This report provides a comprehensive analysis of Koji's architecture, design patterns, and implementation details based on source code examination and comparison with the deb-compose vision.
## What Koji Actually Does
### **Core Purpose**
Koji is fundamentally a **distributed build orchestration system** - it doesn't build packages directly, but rather coordinates the entire build process across multiple builder hosts.
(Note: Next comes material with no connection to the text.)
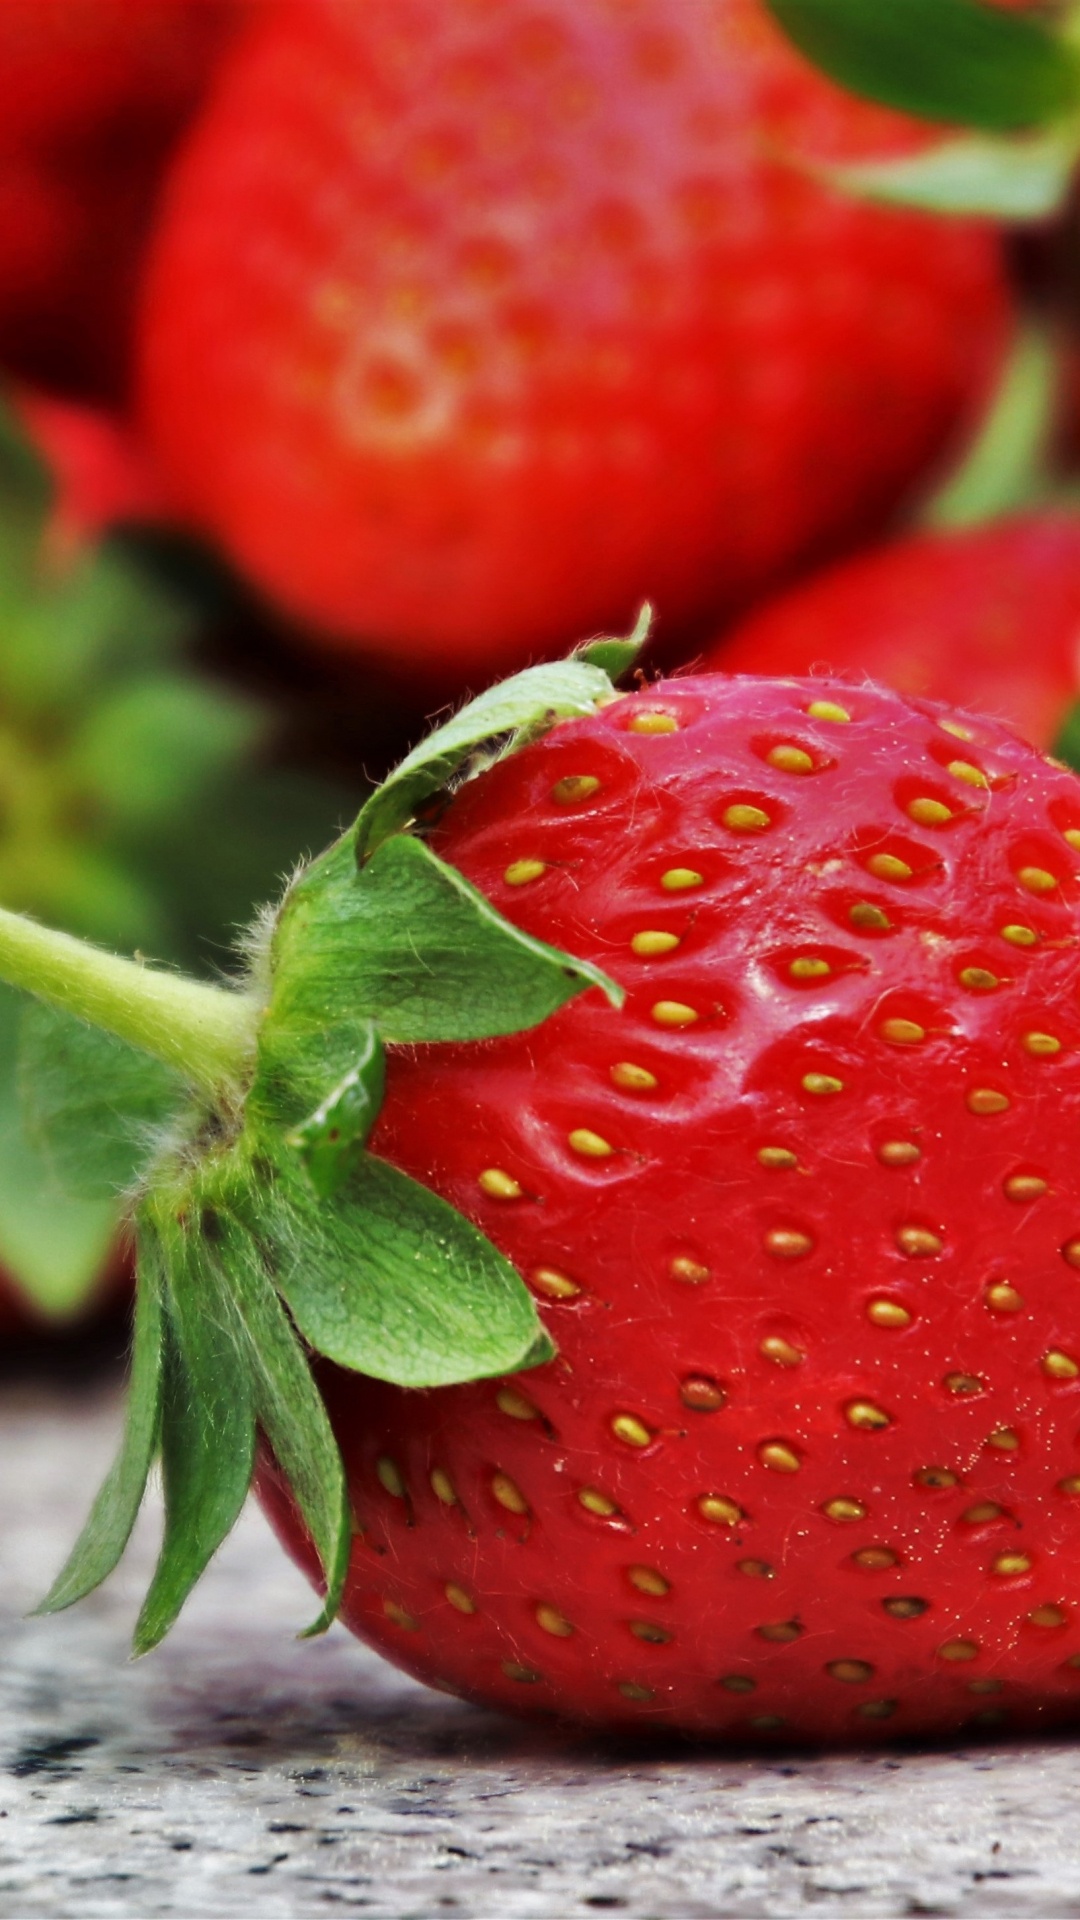 吃, 草莓, 天然的食物, 红色的, 食品 壁纸 1080x1920 允许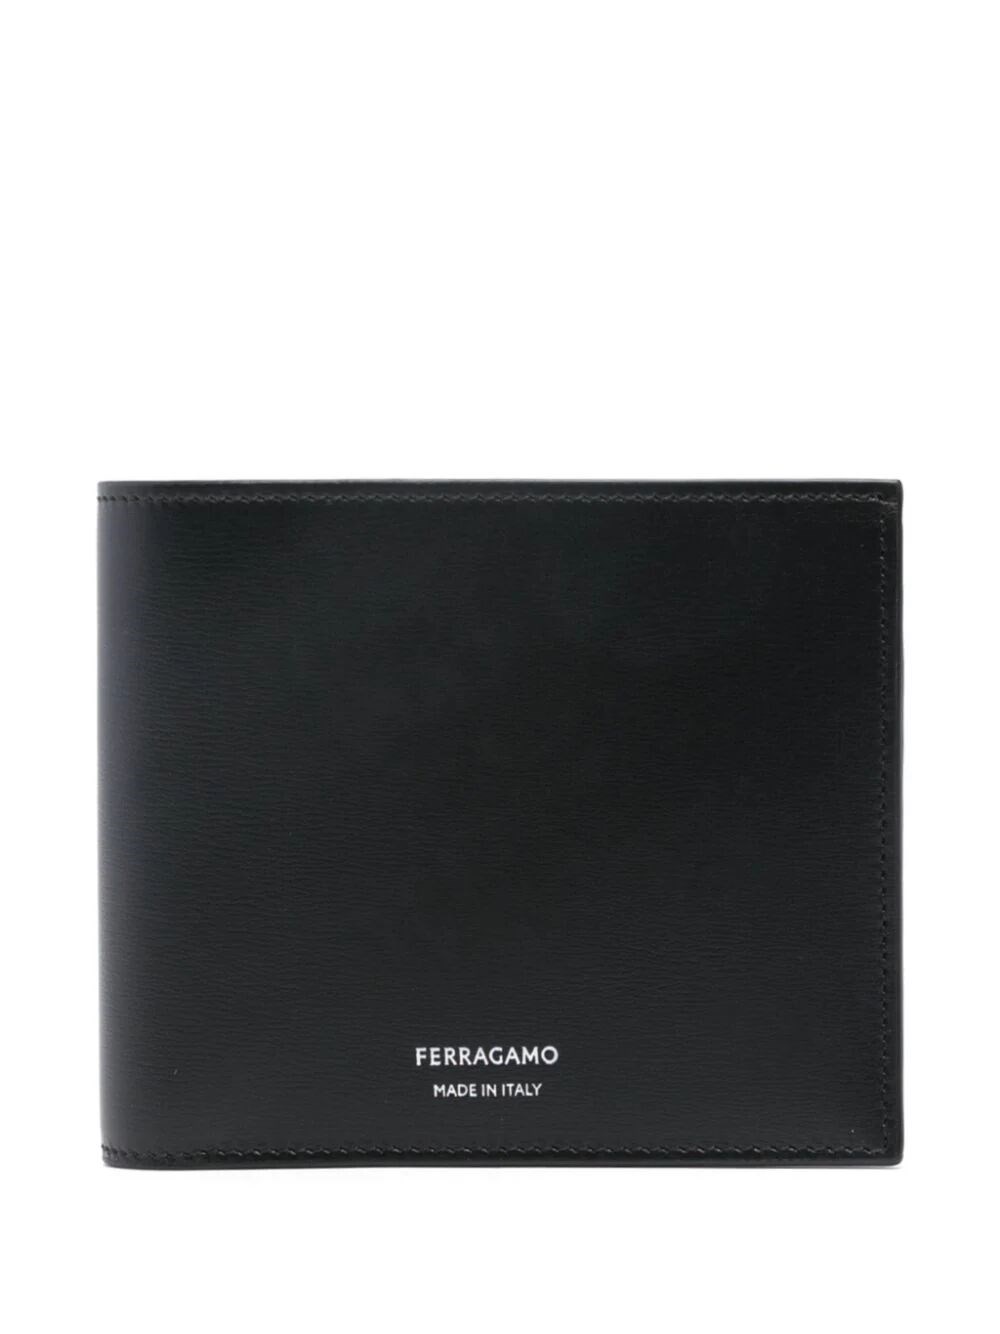 Ferragamo Leather Bi-fold Wallet In Black

Think of it as the "air traffic controller" for package building, managing build requests, distributing work, and ensuring build consistency.
### **Primary Functions**
#### **1. Build Orchestration & Distribution**
- **Task Scheduling**: Distributes build tasks across available builder hosts
- **Build Environment Management**: Creates isolated buildroots for each build
- **Multi-Architecture Support**: Coordinates builds across different CPU architectures
- **Dependency Resolution**: Manages build dependencies and build order
#### **2. Build Infrastructure Management**
- **Builder Host Management**: Manages a pool of builder machines
- **Buildroot Creation**: Generates clean, reproducible build environments
- **Package Repository Integration**: Integrates with Yum/DNF repositories
- **Build Result Tracking**: Maintains complete audit trails of all builds
#### **3. Security & Access Control**
- **Authentication**: Supports multiple authentication methods (SSL, Kerberos, OIDC)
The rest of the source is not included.